→ The task
Exactly reproduce the lines from the one containing "Czerwone Volvo S60, zaparkowane" through the last line of the data, both ends included, leaving out pictures.

→ Data excerpt
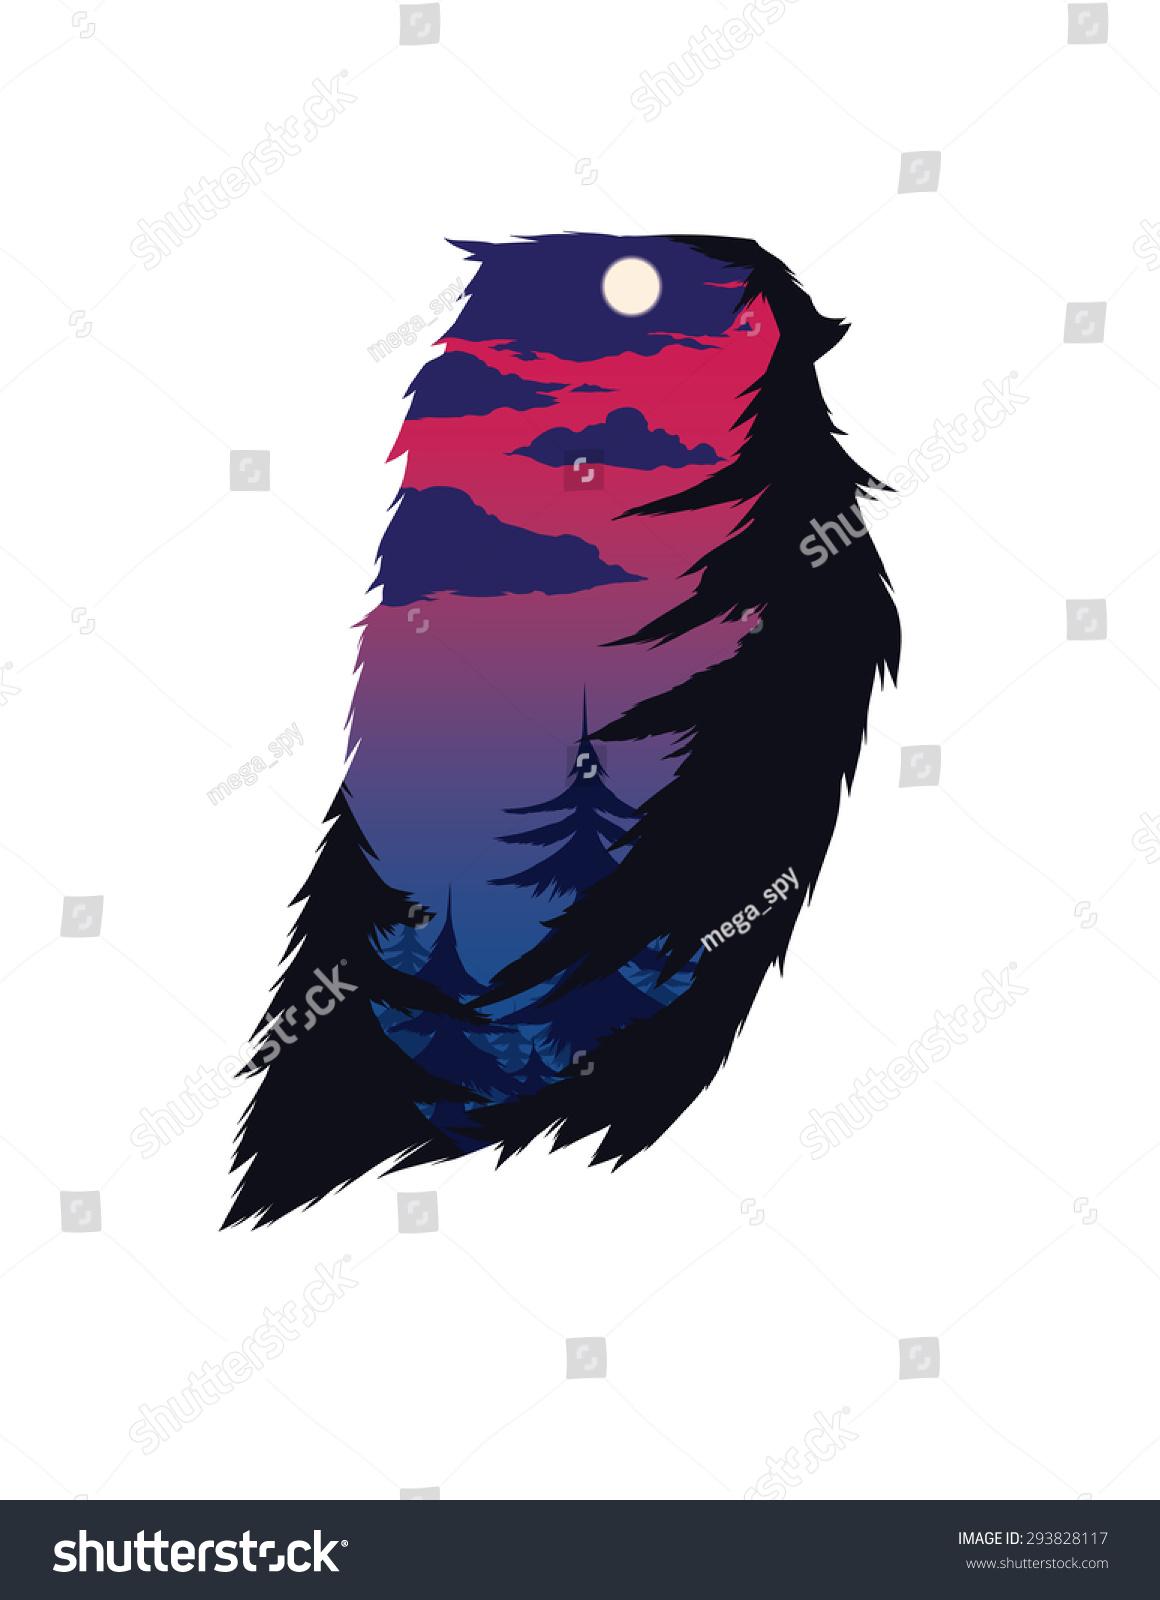 双曝光猫头鹰剪影矢量图
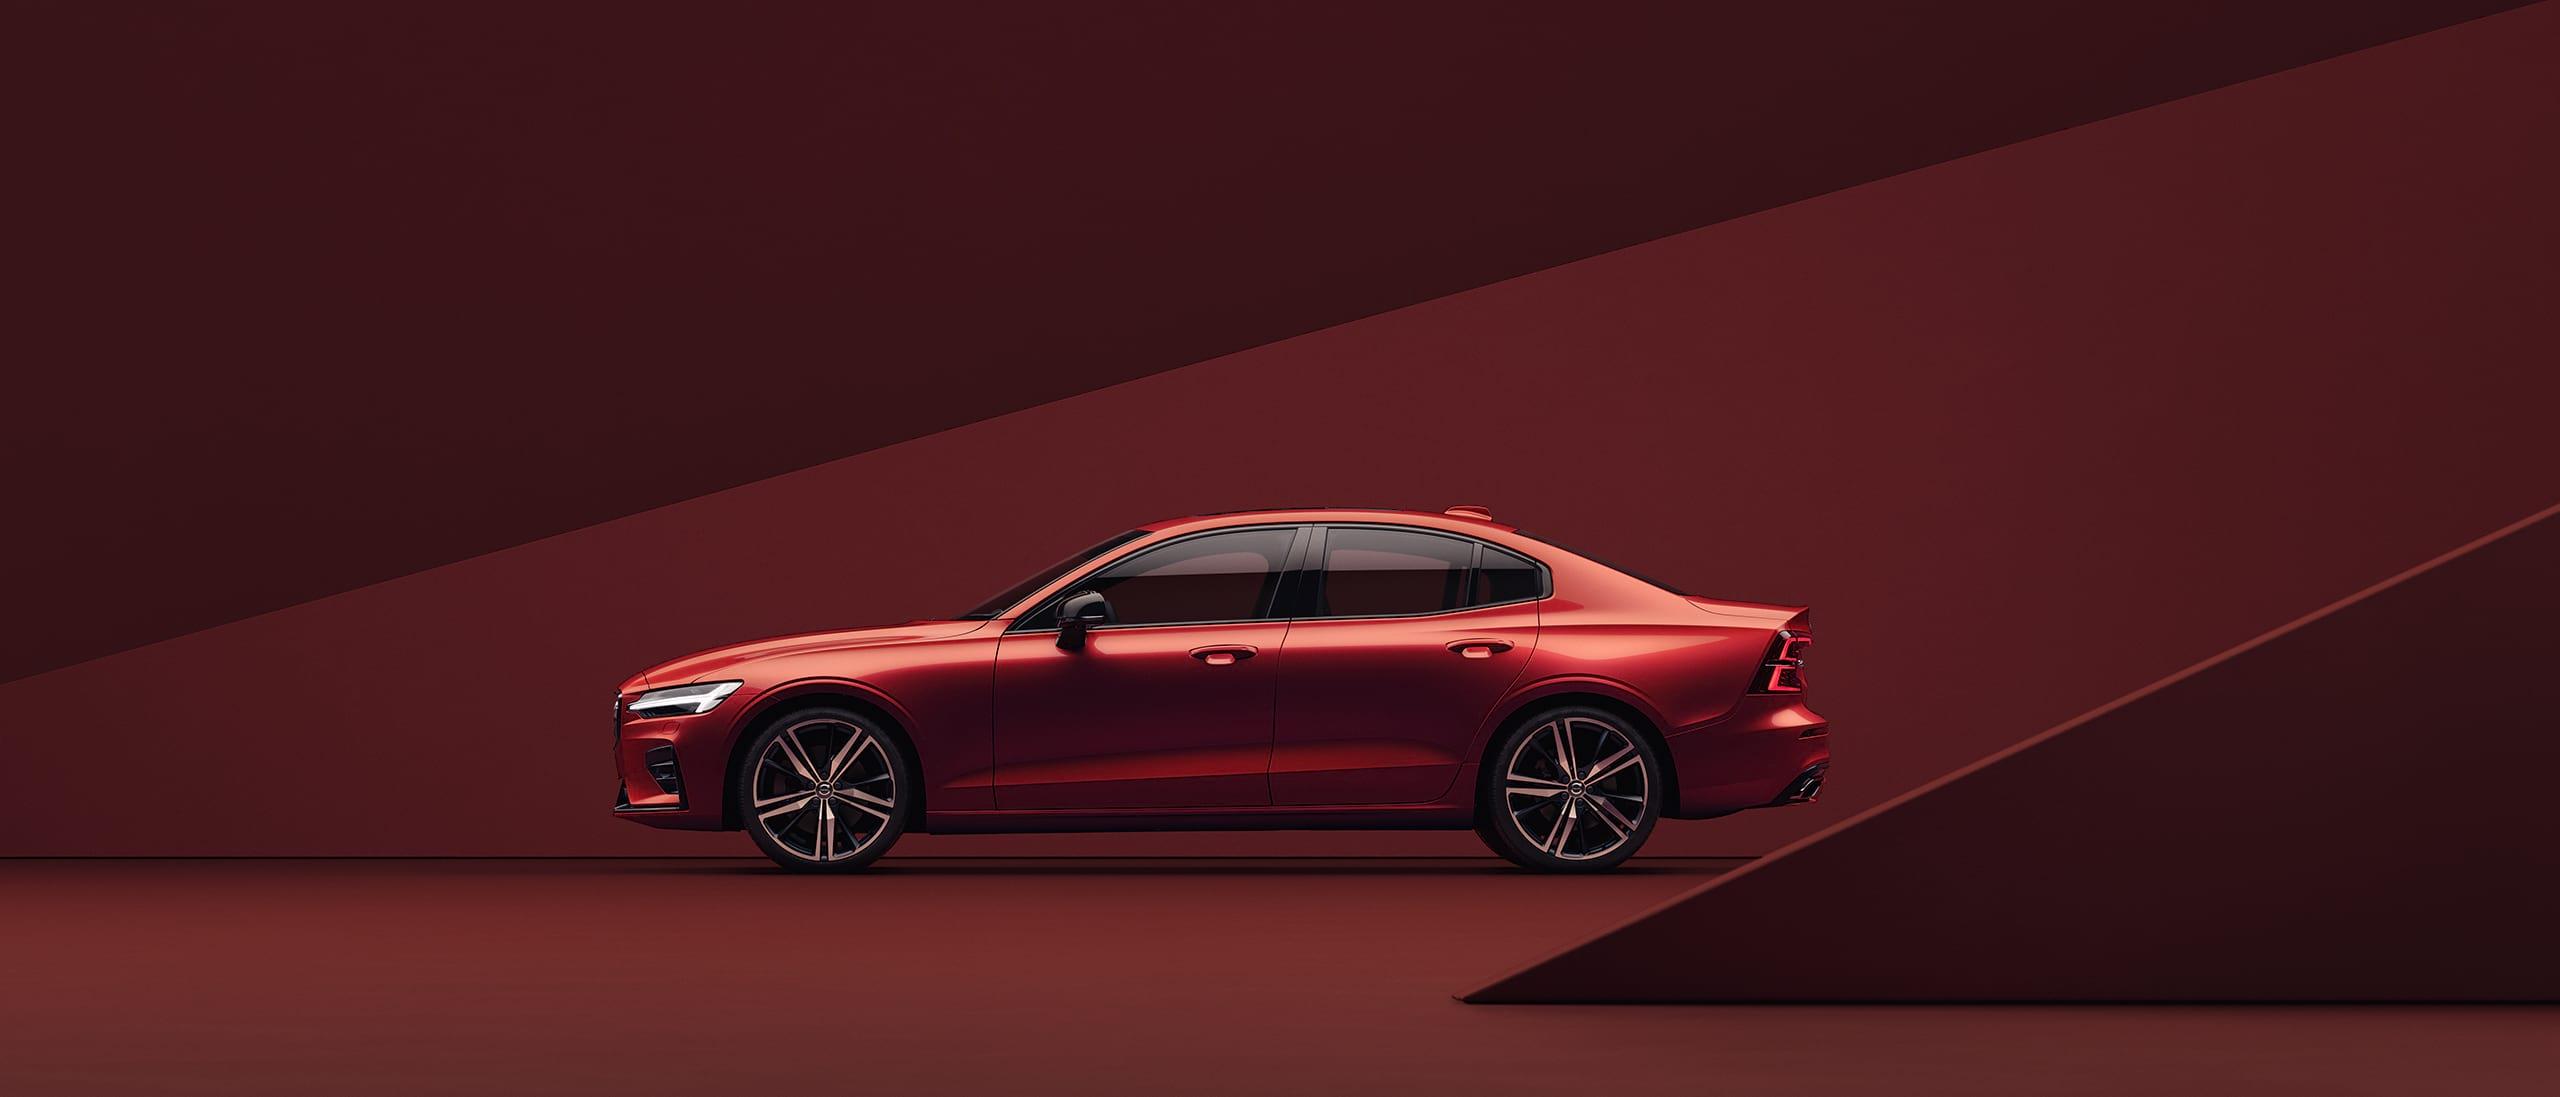 Czerwone Volvo S60, zaparkowane wczerwonym otoczeniu.
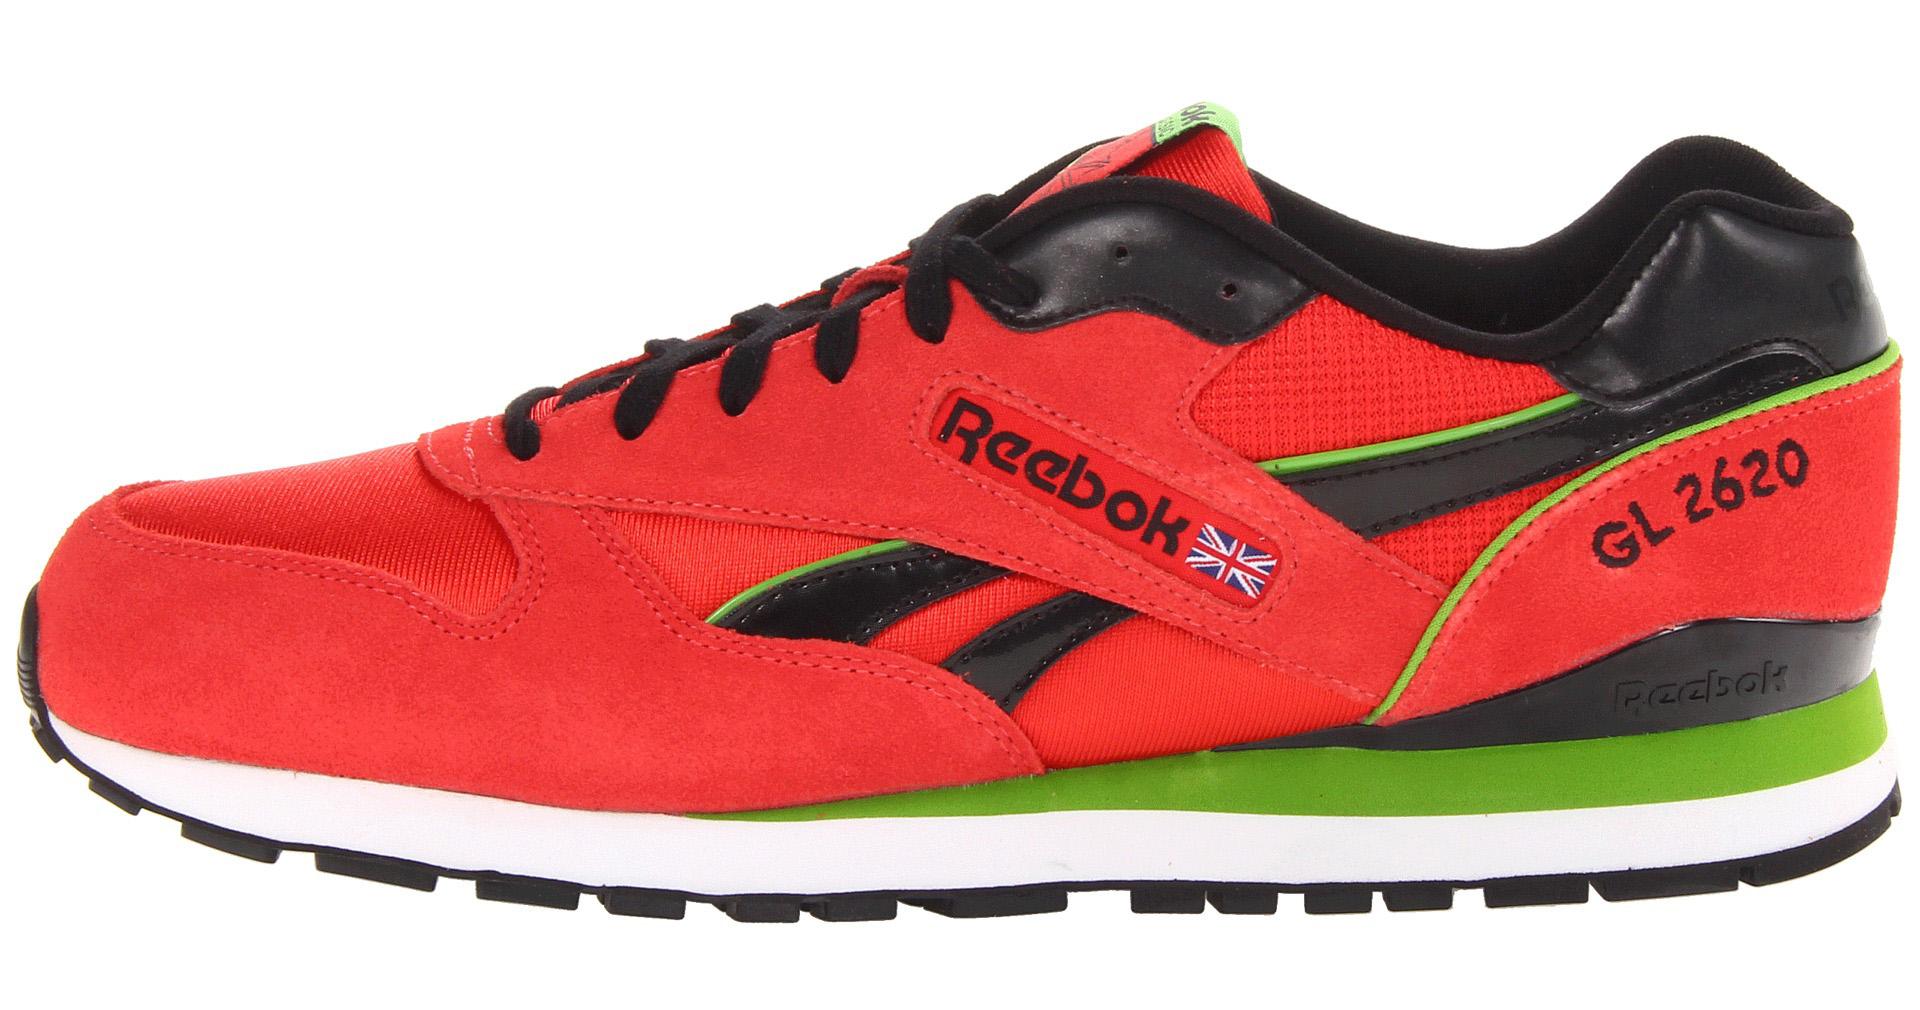 reebok men's gl 2620

→ Final answer
 Czerwone Volvo S60, zaparkowane wczerwonym otoczeniu.
 reebok men's gl 2620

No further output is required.